Miners may respond more to the flexibility story. A Duke University report cited by Utility Dive argues that the existing U.S. power grid can handle significant new loads if curtailed during stress events, and mining can do that. Many AI workloads, especially consumer product inference, typically cannot do this.
This creates a potential wedge between miners as controllable loads to support renewable energy integration and data centers as inflexible loads. This debate is already gaining momentum in policy circles and at public hearings at the Electric Power Commission.
However, winning depends on local economic conditions and lobbying, not internet debates.
Hedge: Turn your mining site into an AI site
Another adaptation path is already underway: converting from hashing to hosting.
The logic is simple. If you already own land, power rights, and substations, you have what AI developers need most. Additionally, when legacy businesses are volatile, the promise of contracted cash flow from compute hosting is attractive.
crypto slate reported in October that some companies initially focused on Bitcoin mining are pivoting to AI infrastructure with deals related to the cloud and AI workloads, just as power access has become at a premium in places like Texas. The message of this article is not that all miners will become AI masters, but that the industry’s primary assets are moving from machines to megawatts.
This pivot is harder than you might think. AI data centers require different cooling, different network architectures, and different uptime guarantees. Mining can tolerate interruptions, but many AI customers do not.
Renovation costs can be significant, and competition includes specialized data center operators with deep relationships and financial advantages.
However, the direction of progress is clear. When power is scarce, the highest value uses of megawatts tend to be prioritized.
Where Bitcoin mining takes place
BlackRock’s predictions are not specific to Bitcoin, but about the end of cheap abundance. As AI propels the U.S. into a world of rapidly increasing power demand and slow transmission, businesses built on marginal power economics will be under pressure.
Of course, miners will not disappear. Bitcoin’s incentive structure is designed to keep hashing power somewhere online, and the industry’s maneuverability means it can chase new pockets of energy. However, the center of gravity may shift.
Regions with surplus generation-friendly policies are likely to view miners as a stabilizing industrial load, especially if miners can reliably propose cuts.
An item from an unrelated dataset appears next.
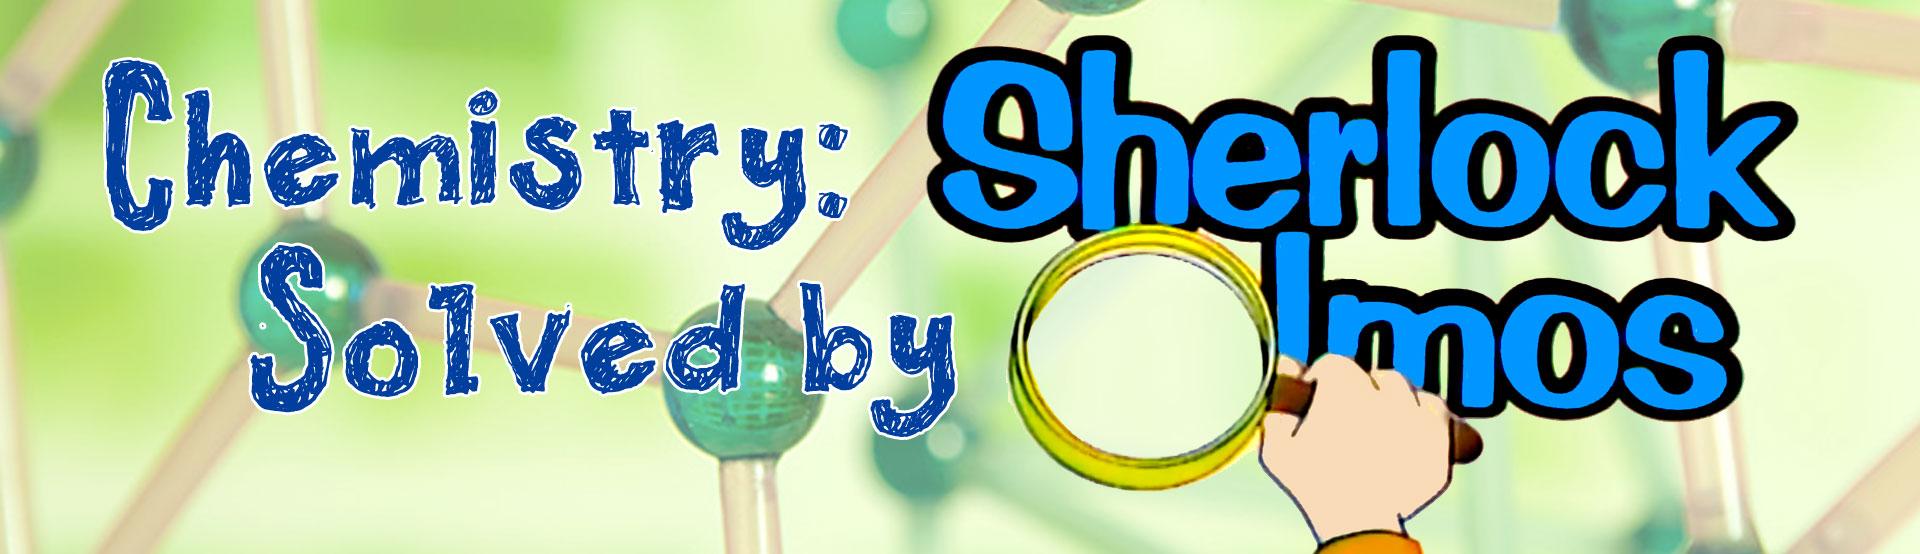 Chemistry: Solved By Sherlock Olmos

Regions that favor hyperscalers will undoubtedly treat miners as a second priority.
Perhaps the result is a barbell.
On the one hand, miners integrate with the grid, sign structured demand response agreements, and become part of public works plans.
On the other side are miners who transform their energy positions into broader computing infrastructure and arbitrage early entry into the power market into essentially new business areas.
Either way, the easy days are coming to an end. BlackRock’s warning that AI data centers could grow to a huge share of U.S. electricity demand is a reminder that the next phase of digital infrastructure will not be constrained by code, but by the messy physical world of wires, permits, turbines, and heat.